I am using end of day options data and want to extract discrete dividend information contained in the option prices. I am doing this for ETFs like SPY where I know the dividend schedule. These are the steps I am doing:
- Create a "seed" div dictionary which has known div dates but approx. div values
- Let's say the 1st and 2nd div dates are 19-Mar-21 and 18-Jun-21. Find all options that expire >= 19-Mar and < 18-Jun. I get 4 expiries: 31-Mar, 16-Apr, 21-May, 18-Jun.
- For each expiry, I find the strike closest to the forward by finding min(callprice-putprice). I get the call and put options at this strike.
- I then minimise for Call implied vol - Put implied vol for a range of divs (0.5initialestimate to 1.5initialestimate) using the brentq algo to get the "optimal" multiplier.

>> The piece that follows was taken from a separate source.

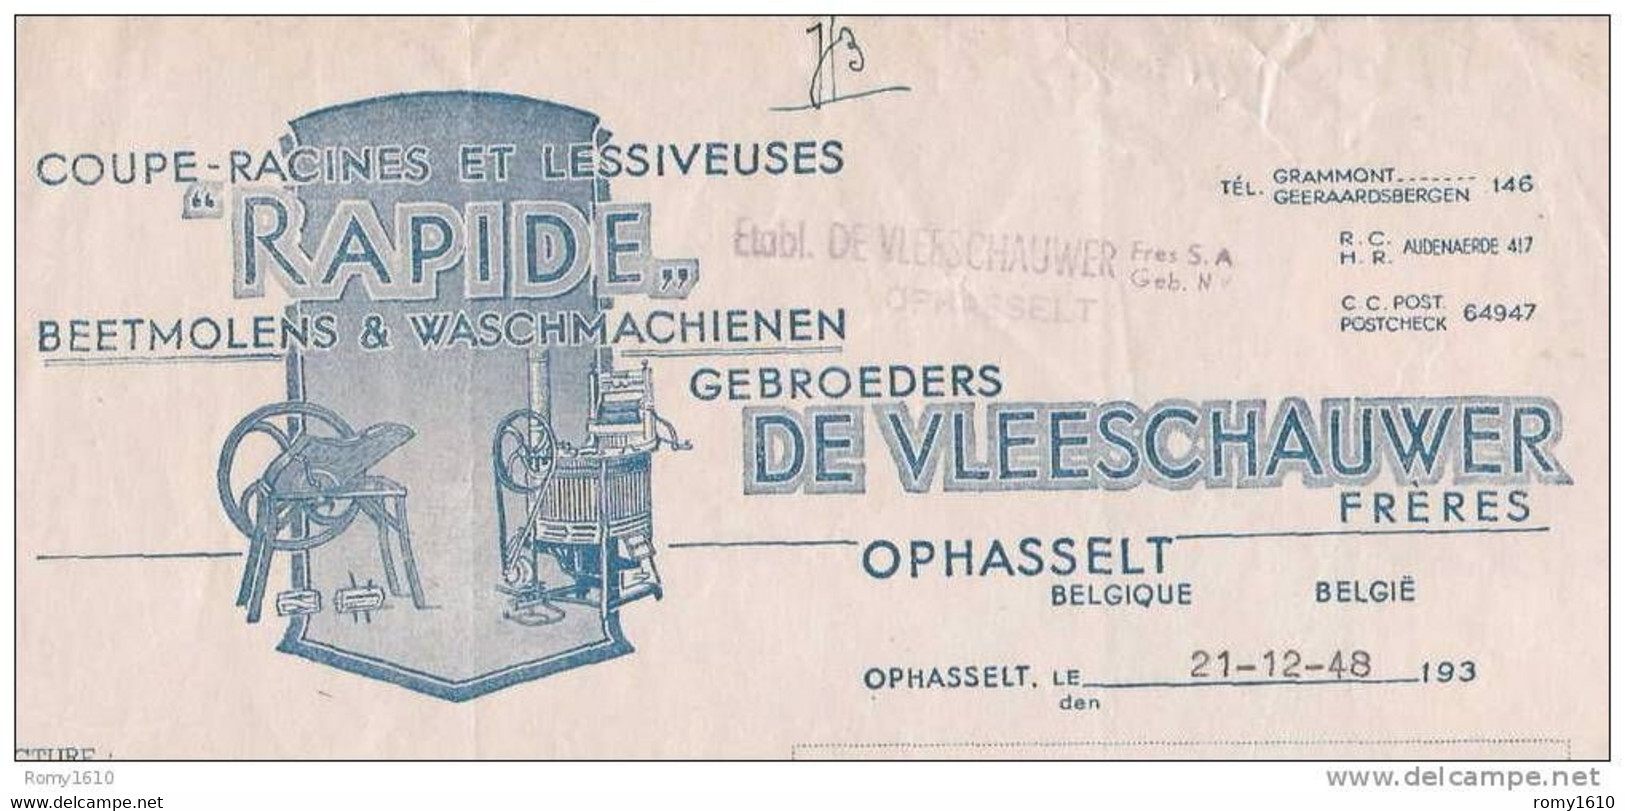 OPHASSELT - Superbe Facture Des Etablissements De Vleeschauwer - Coupe-Racines, Lessiveuses (1948) - Landbouw

- I average the multipliers I get for each expiry. This is the multiplier to be applied to the initial div estimate for first dividend date to get a final div estimate.
- I repeat this process to refine div estimates for all div dates.
I expected this process to yield results that were v tight. But doing this across several days yields a very wide range of estimates (Eg. For SPY, I am seeing estimate for Mar-21 div varying from 0.75 to 1.75 when actual div is likely to centre around 1.4)
Appreciate any thoughts/ inputs into this, including any alternative approaches I could try. I did find a relevant thread here: Implied Dividend from American Options (in practice) but didn't fully understand the implementation.